JERUSALEM, June 30 (Reuters) - A rocket fired from the Hamas-controlled Gaza Strip landed in southern Israel on Monday, putting further strain on a ceasefire brokered by Egypt.

An Israeli police spokesman said the makeshift rocket had landed near a kibbutz bordering the coastal enclave, causing no damage or injuries.

There was no immediate claim of responsibility for what was the fourth such attack since the truce went into effect on June 19.

A Palestinian official who coordinates with Israeli authorities the passage of goods into the Gaza Strip said they informed him that Israel's border crossings with the territory would be closed on Tuesday in response to the rocket strike.

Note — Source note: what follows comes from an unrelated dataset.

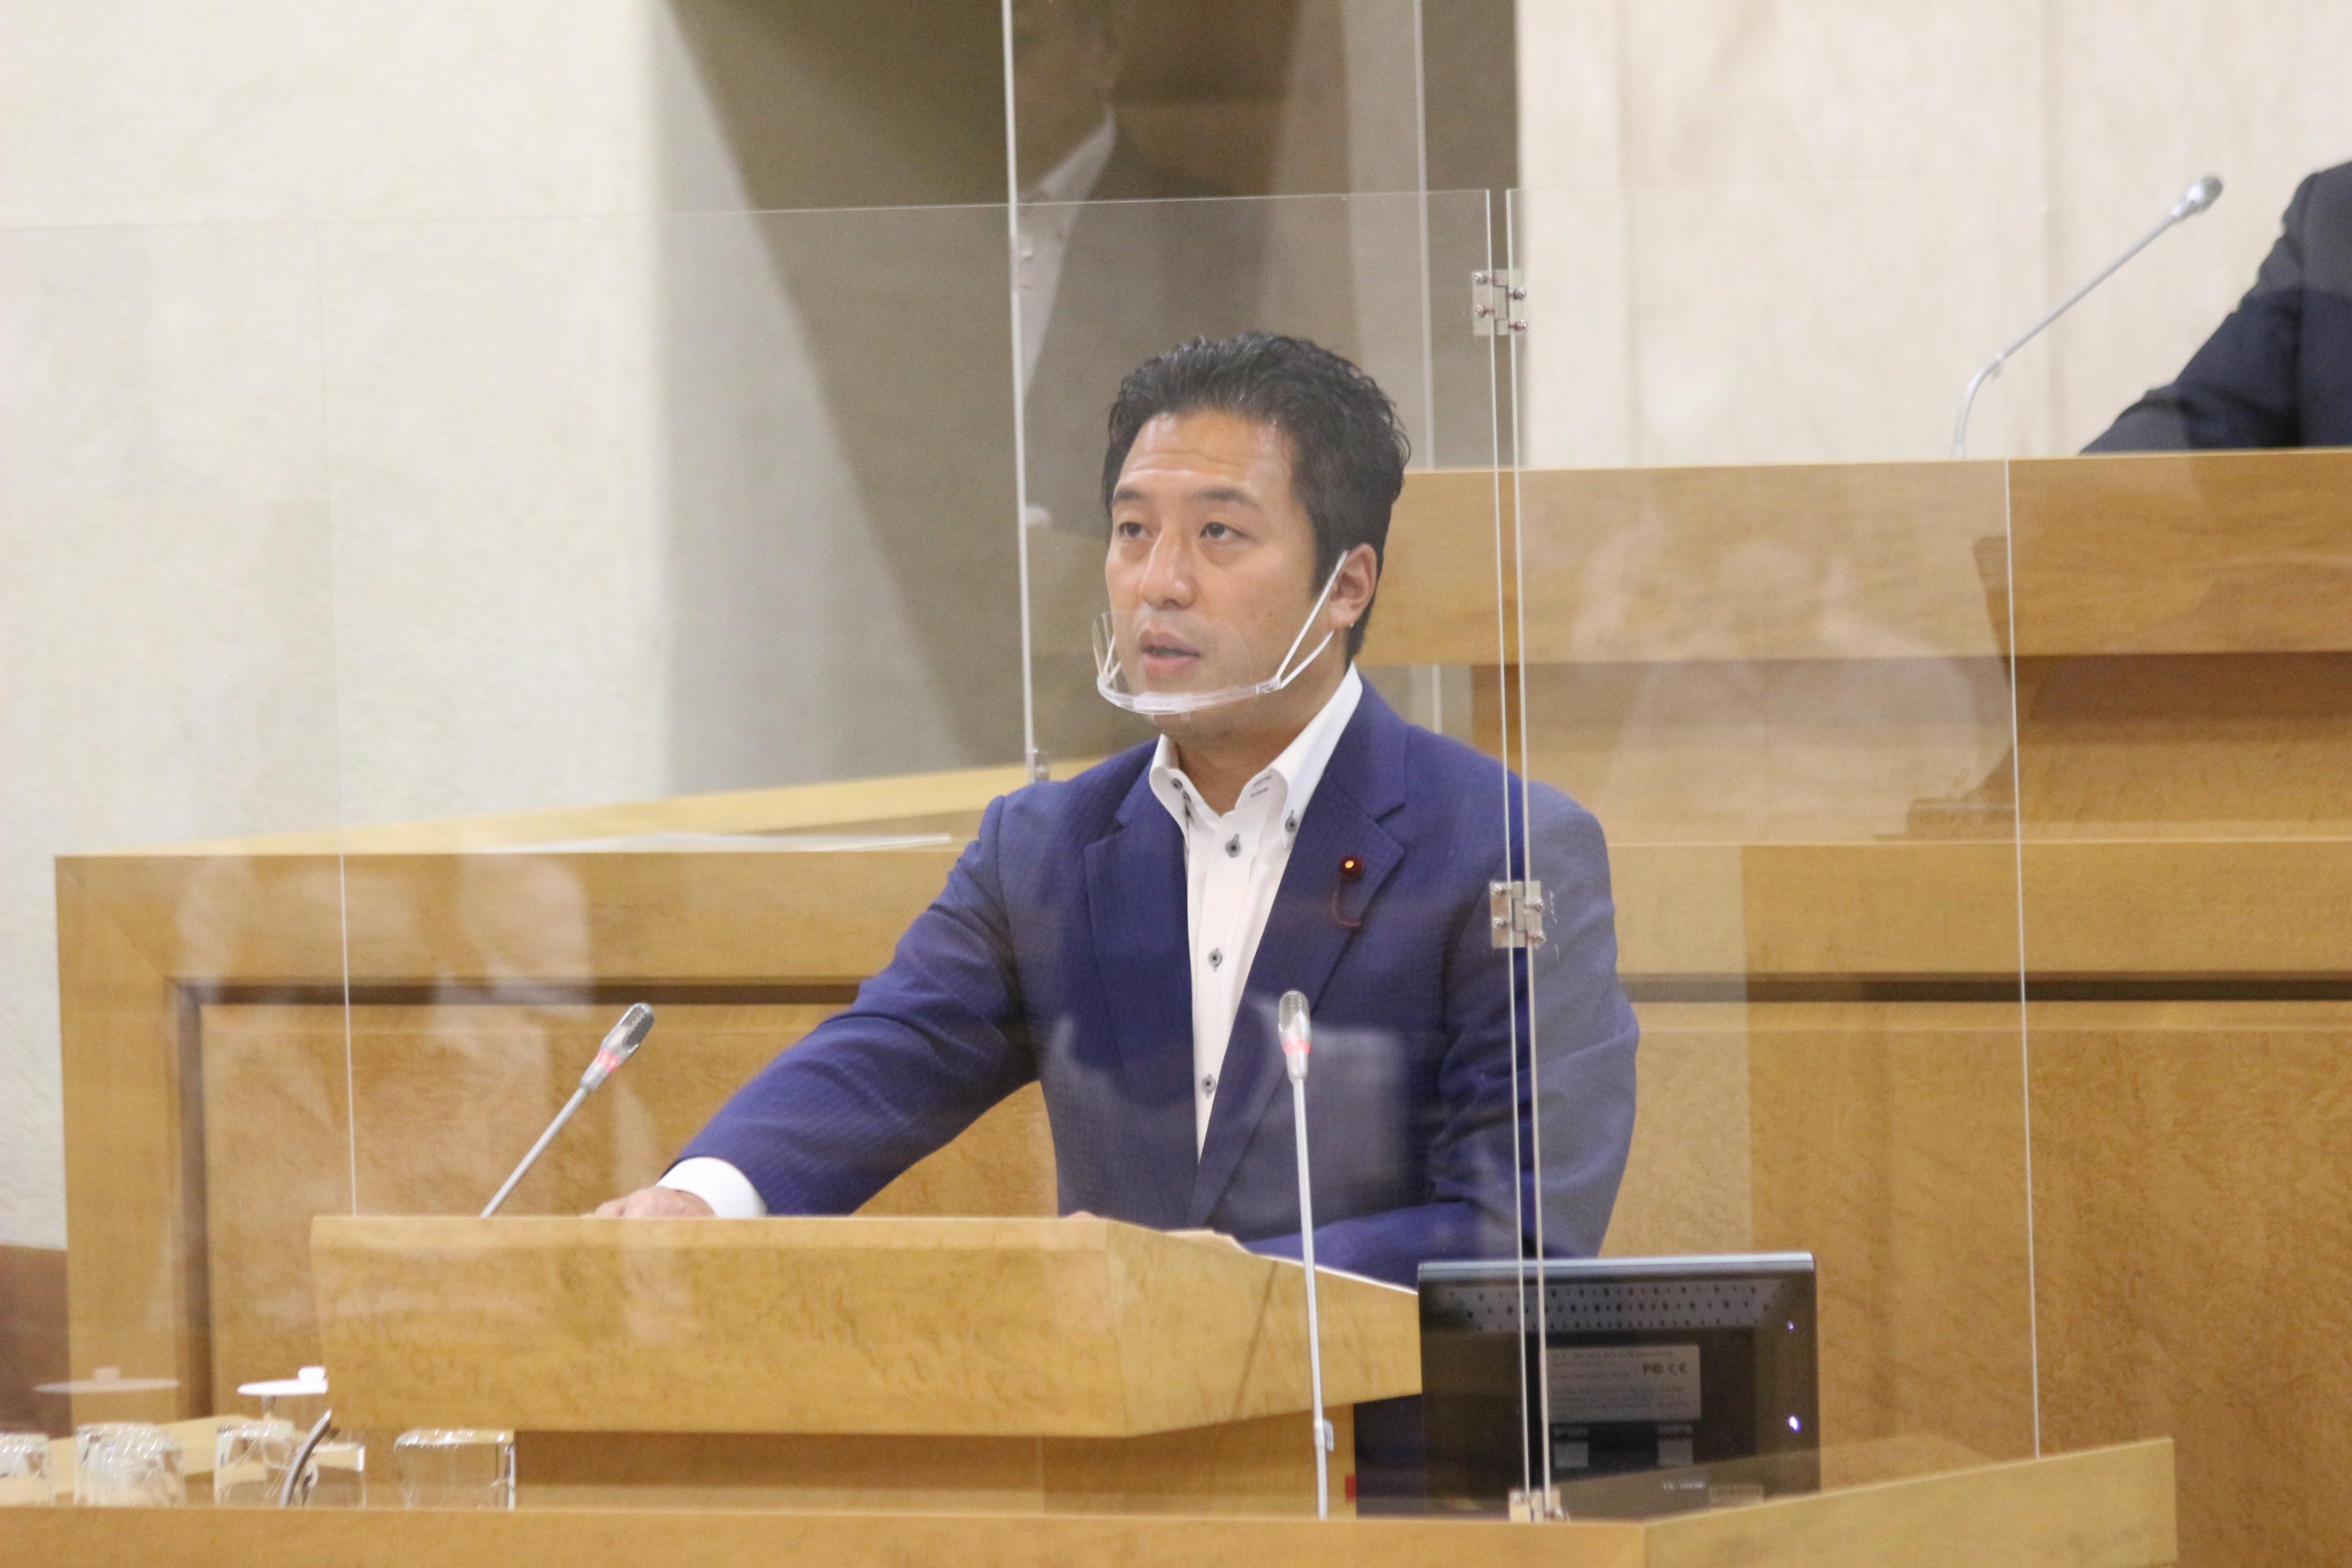 第三回定例会で新型コロナの影響について質問する山田耕平区議
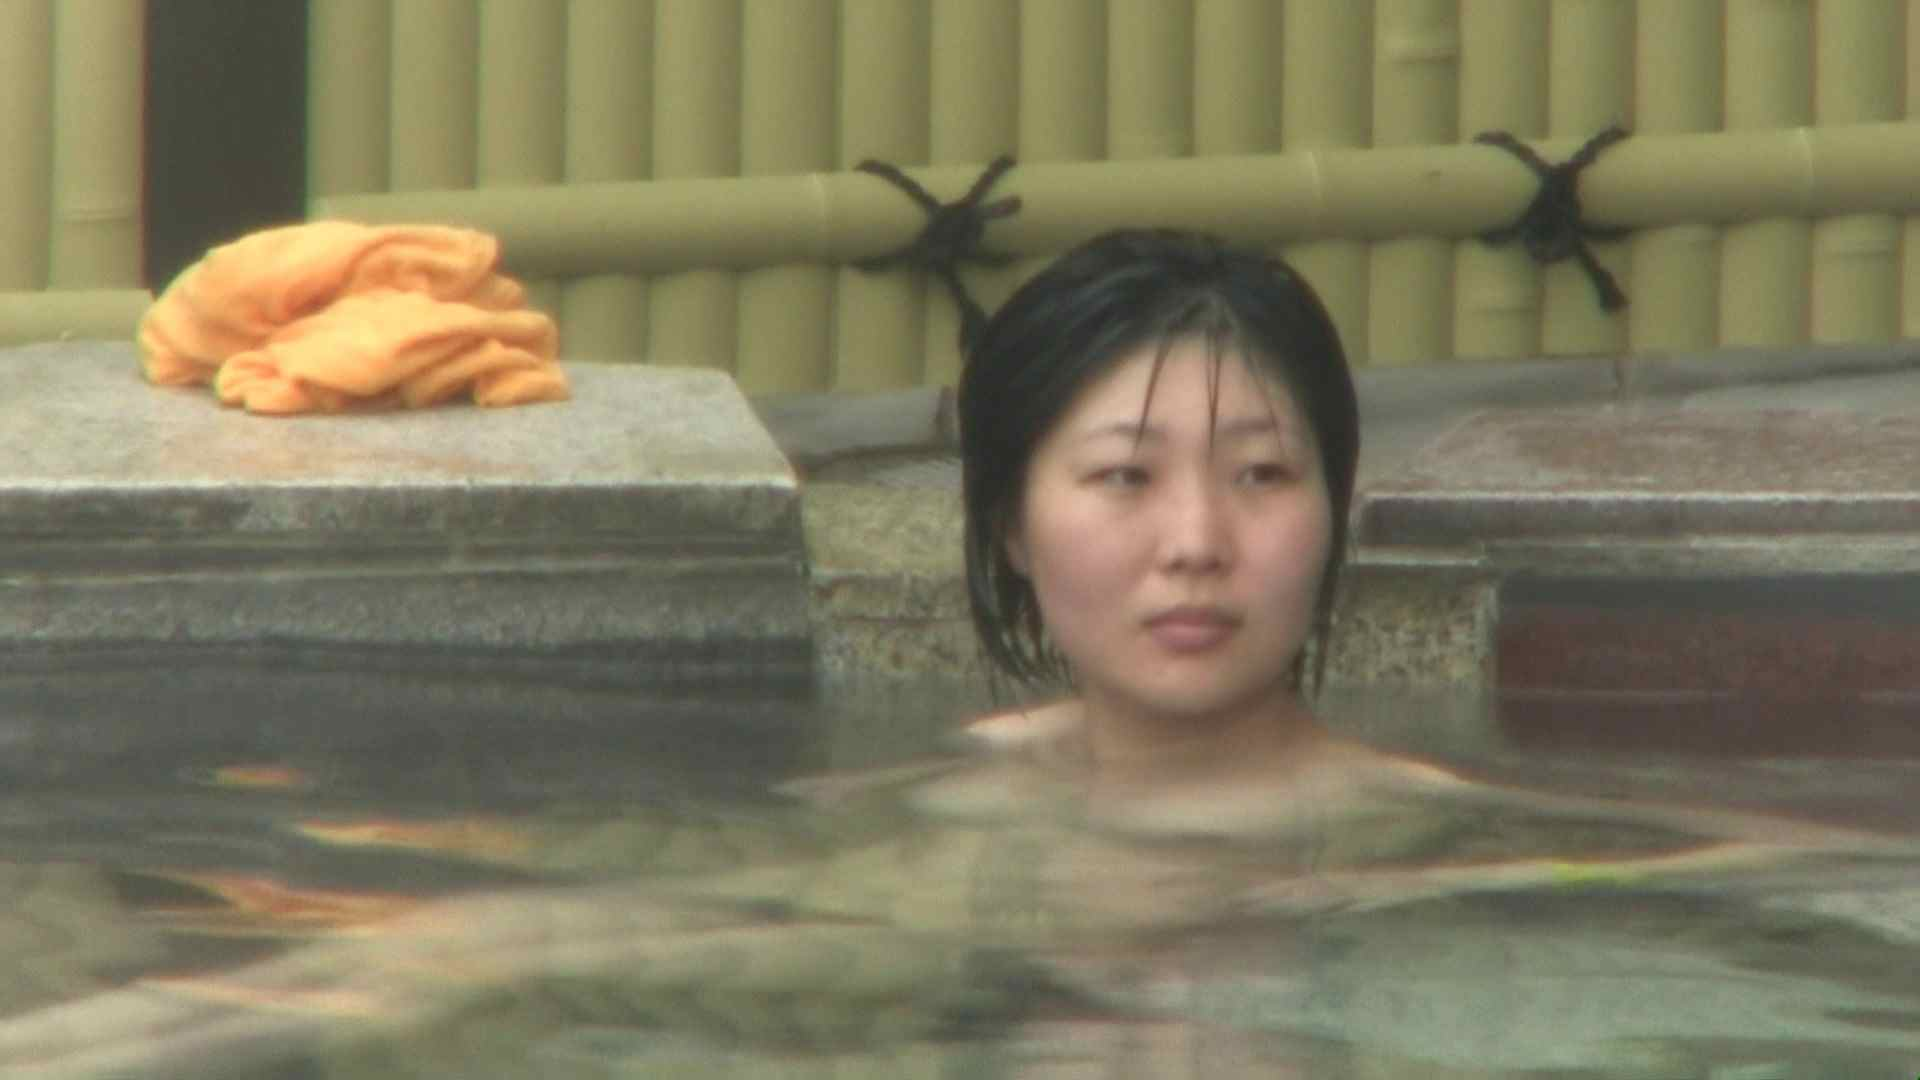 Aquaな露天風呂Vol.75【VIP限定】 美しいOLの裸体  107pic 105

On Sunday, Israel reopened three of its crossings with the Gaza Strip after cross-border rocket fire stopped.

Israel had shut the crossings on June 25 after an Islamic Jihad rocket salvo which the Palestinian faction said was in retaliation for Israel's killing of one of its leaders in the West Bank.

Other Gaza militants have also fired a rocket and two mortar bombs in two separate incidents.

The Egyptian-brokered ceasefire requires militant groups to halt rocket fire in return for Israel gradually easing its blockade of the impoverished territory.

Israel sharply cut back the supply of goods into the Gaza Strip a year ago, after the Islamic militant group Hamas took over the territory from forces loyal to President Mahmoud Abbas's more secular Fatah faction.